While the data is in a compressed state, it is impossible to
read any individual bytes from it or write any individual bytes
to it. Then, when the data is needed again,
the compressed sequence must be decompressed so that individual bytes
can again be directly accessed.
It is possible to compress any number of sequential bytes but
it is convenient to use a fixed "unit" of compression. A
standard storage unit used throughout the kernel is a "page"
which is made up of a fixed constant PAGE_SIZE bytes (4KB on
most architectures supported by Linux). If this page is aligned at a
PAGE_SIZE address boundary, it is called a "page frame";
the kernel maintains a corresponding "struct page" for every
page frame in system RAM. All three zprojects use a page as
the unit of compression and allocate and manage page frames
to store compressed pages.
There are many possible compression algorithms. In general,
achieving a higher "compression ratio" takes a larger number
of CPU cycles, whereas less-effective compression can be done faster.

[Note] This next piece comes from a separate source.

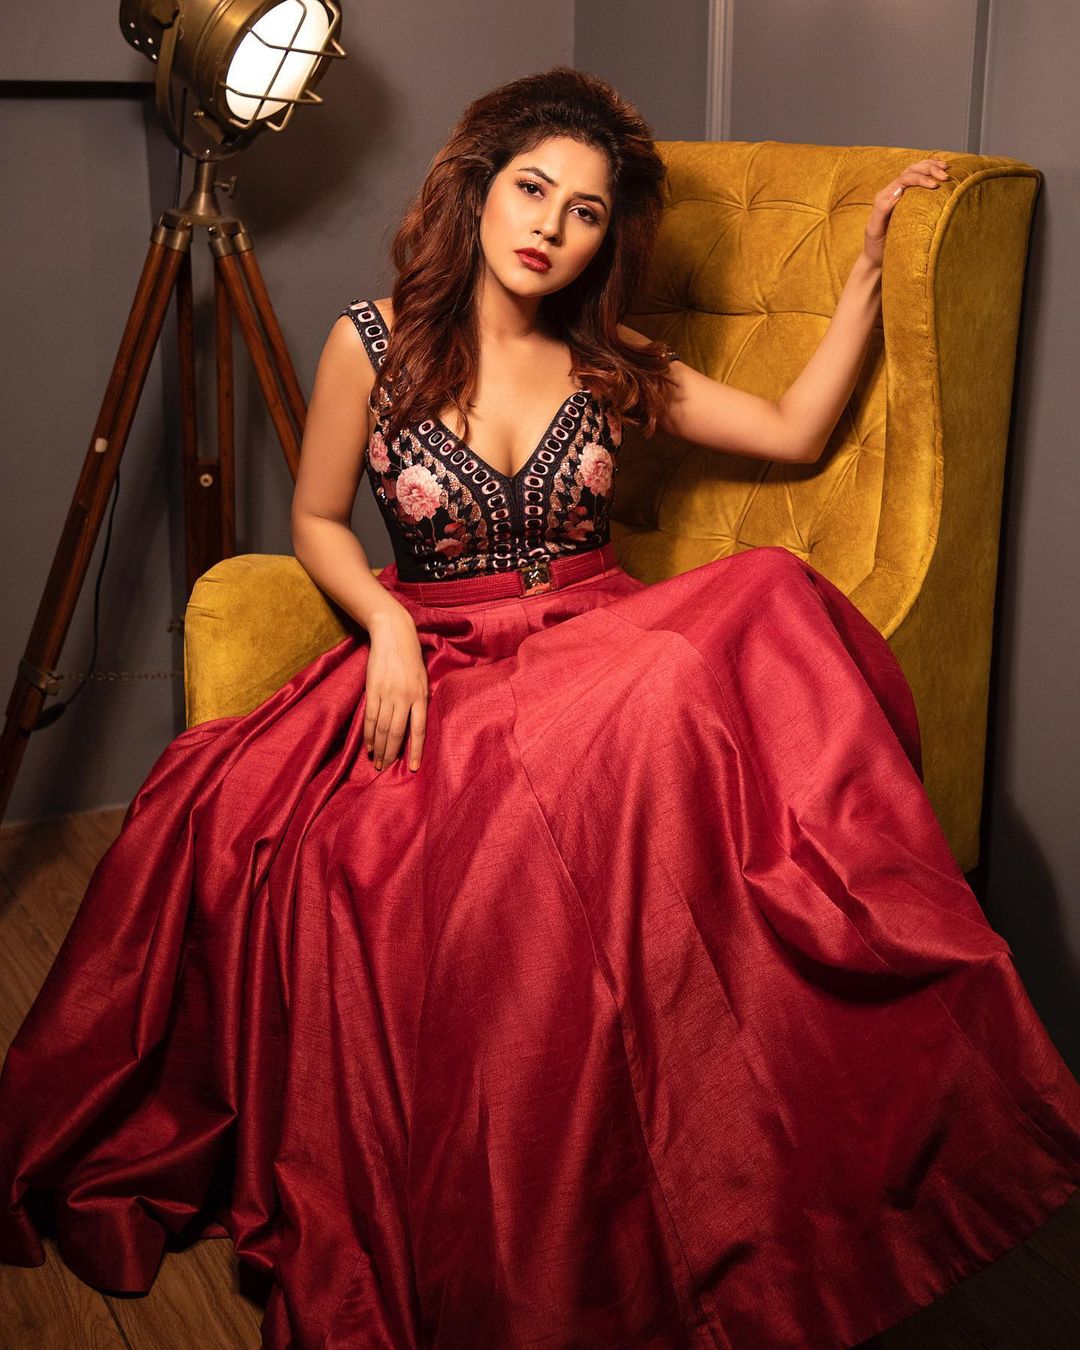 Shehnaaz Gill Looks Like A Red Hot Patakha Donning A Plunging Neckline Gown  With Impossible-To-Miss Puffed Sleeves & A Wild Vision To Behold!

It is important to achieve a good balance between time and
compression ratio. All three zprojects, by default, use the
LZO(1X) algorithm in the kernel's lib/ directory, which is
known to deliver a good balance. However, it is important that
the choice of algorithm remain flexible; possibly the in-CPU
algorithm might be replaced in some cases by an architecture-specific
hardware compression engine.
In general, the number of cycles required to compress, and to
later decompress, a sequence of bytes is roughly proportional
to the number of bytes in the sequence. Since the size of a page
is fairly large, page compression and decompression are expensive
operations and, so, we wish to limit the number of those operations. Thus
we must carefully select which pages
to compress, choosing pages that are likely to be used again but
not likely to be used in the near future, lest we spend all the
CPU's time repeatedly compressing and then decompressing pages.
Since individual bytes in a compressed page are inaccessible,
we must not only ensure that normal CPU linear byte addressing
is not attempted on any individual byte, but also ensure that the
kernel can clearly identify the compressed page so that it can
be found and decompressed when the time comes to do so.
When a page is compressed, the compression algorithm is applied
and the result is a sequence of bytes which we can refer to as a
"zpage".
The size of a zpage, its "zsize", is highly data-dependent,
hard to predict, and highly variable. Indeed the expected distribution of
zsize drives a number of key zproject design decisions so it
is worthwhile to understand it further. The "compression ratio"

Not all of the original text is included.